6. De rechtbank is van oordeel dat verweerder heeft kunnen oordelen dat geen sprake meer is van een feitelijke gezinsband. Dit betekent dat er geen sprake is van gezinsleven waardoor artikel 17 van de Gezinsherenigingsrichtlijn niet van toepassing is.

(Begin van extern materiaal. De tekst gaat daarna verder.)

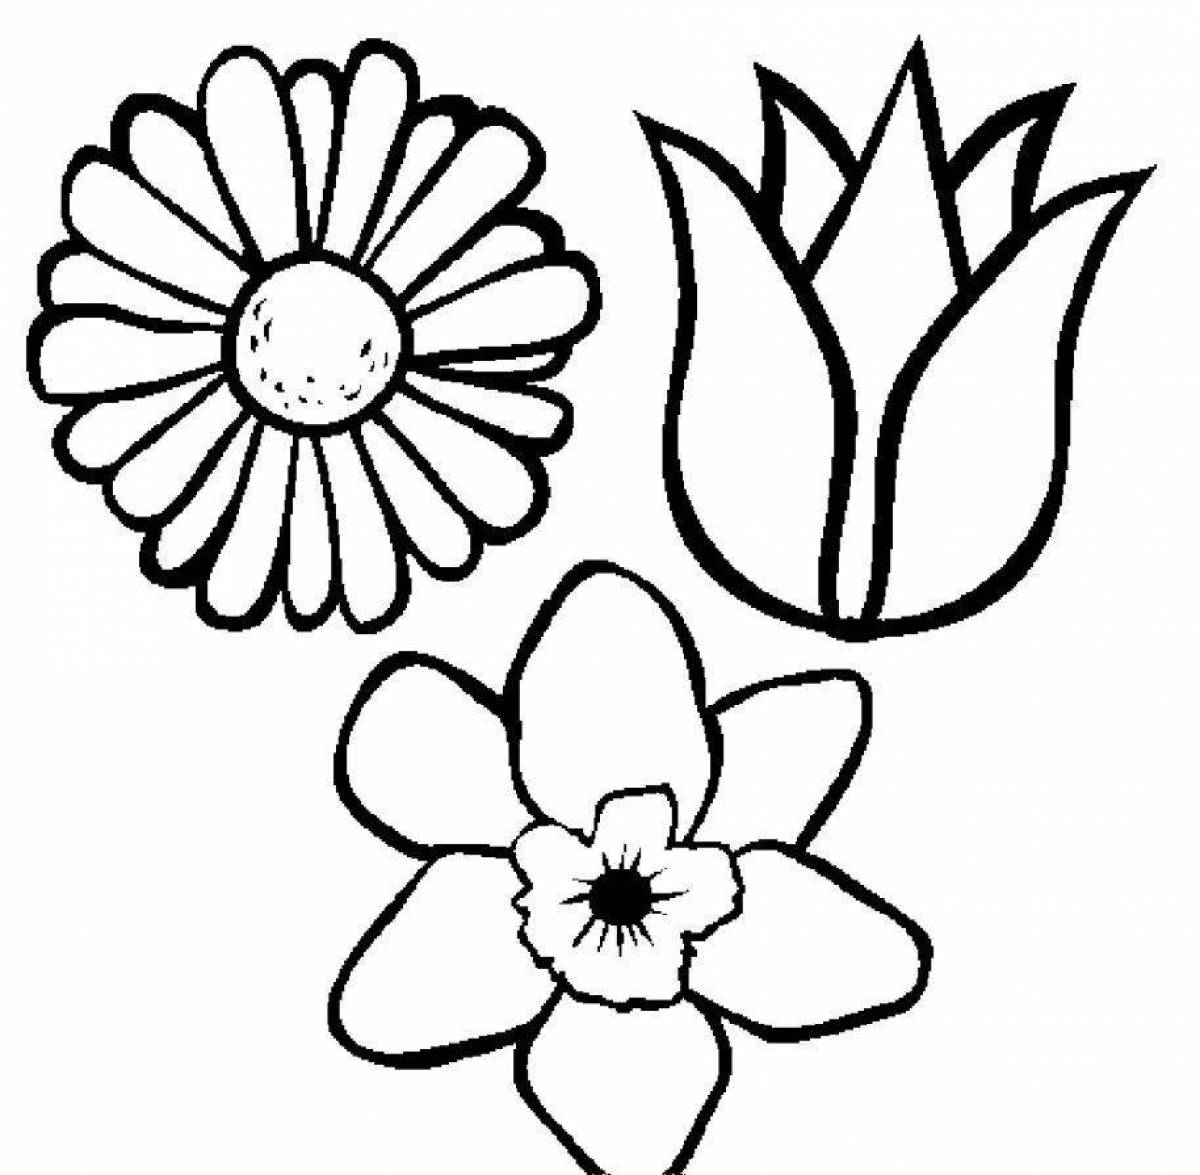 Adorable flower coloring book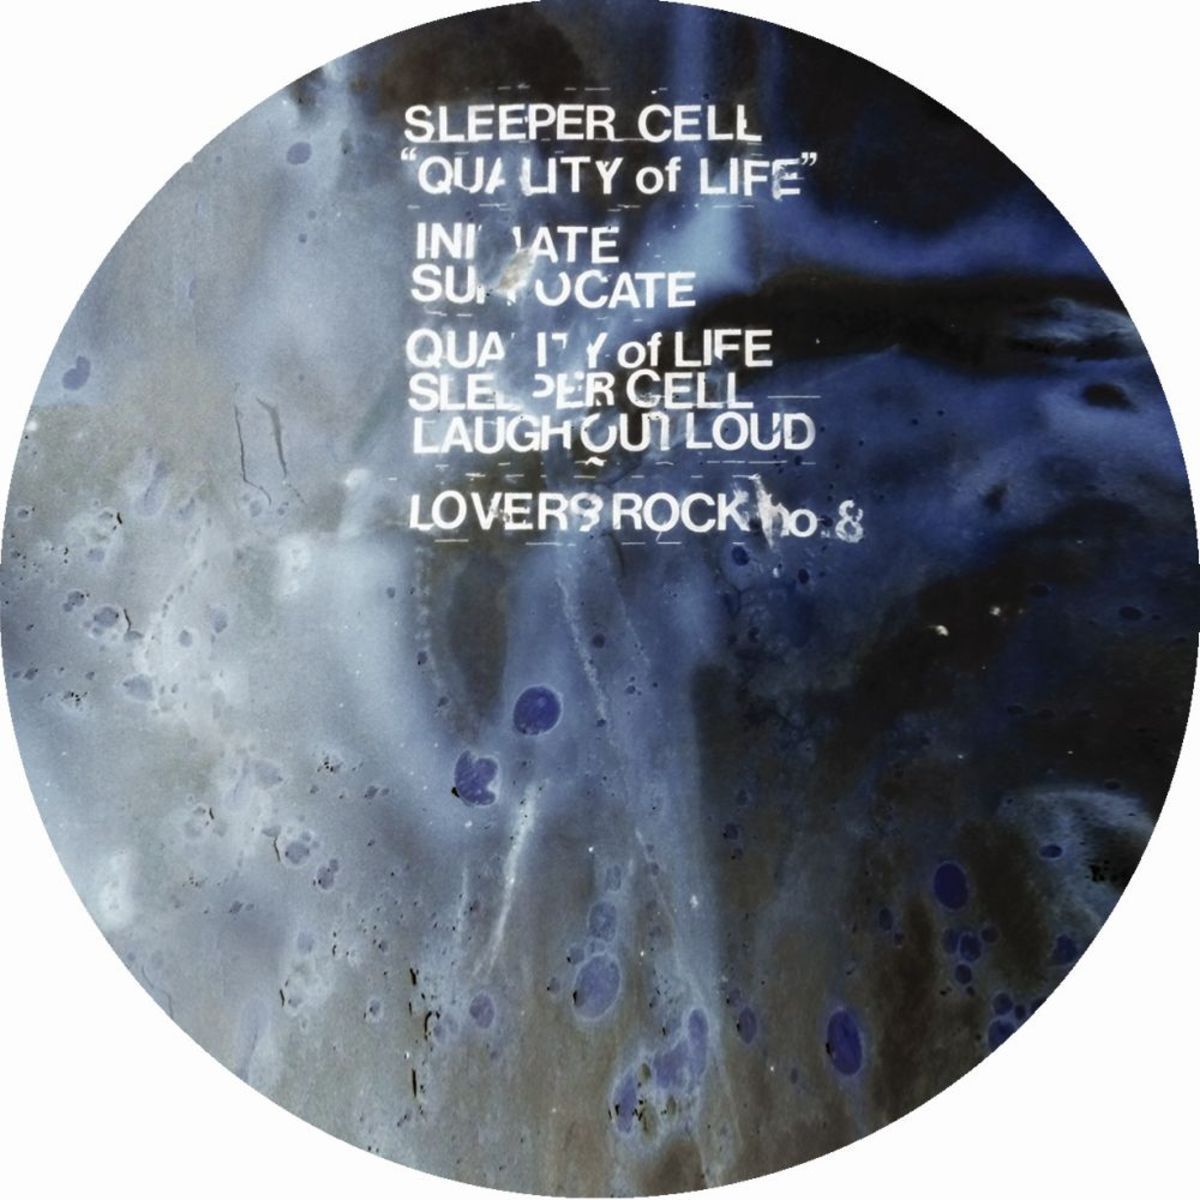 000-Sleeper Cell-Quality Of Life- [LR NP. 8]

Eisers stelling dat verweerder in strijd met artikel 17 van de Gezinsherenigingsrichtlijn niet gemotiveerd heeft op welke wijze in dit individuele geval rekening is gehouden met de aard en hechtheid van de gezinsband en met de duur van het verblijf in de lidstaat, alsmede het bestaan van familiebanden of culturele of sociale banden met het land van herkomst, gaat om deze reden al niet op.
Heeft verweerder de hoorplicht geschonden?
7. De rechtbank volgt eiser en referent niet in hun standpunt dat er sprake is van een schending van de hoorplicht. Op grond van artikel 7:3, aanhef en onder b, van de Awb kan van het horen van een belanghebbende worden afgezien indien het bezwaar kennelijk ongegrond is. De rechtbank is van oordeel dat eiser niets heeft aangevoerd in bezwaar dat afdoet aan de feiten waarop verweerder zijn conclusie van het verbreken van de feitelijke gezinsband heeft gebaseerd. Daarom was er geen twijfel over de conclusie dat het bezwaar van eiser (kennelijk) ongegrond was, waardoor verweerder met toepassing van artikel 7:3, aanhef en onder b, van de Awb van het horen heeft kunnen afzien.
Conclusie
8. Het beroep is ongegrond.
9. Voor een proceskostenveroordeling bestaat geen aanleiding.

Beslissing

De rechtbank verklaart het beroep ongegrond.
Deze uitspraak is gedaan door mr. J.L. Roubos, rechter, in aanwezigheid van mr. N.F. van der Gouw, griffier.
De uitspraak is uitgesproken in het openbaar en bekendgemaakt op:
Rechtsmiddel
Tegen deze uitspraak kan binnen vier weken na de dag van verzending daarvan hoger beroep worden ingesteld bij de Afdeling bestuursrechtspraak van de Raad van State.

Voetnoten

1.Verdrag tot bescherming van de rechten van de mens en de fundamentele vrijheden.
2.Zie bijvoorbeeld de uitspraak van 9 november 2017, ECLI:NL:RVS:2017:3067.
3.Richtlijn 2003/86/EG van de Raad van 22 september 2003 inzake het recht op gezinshereniging.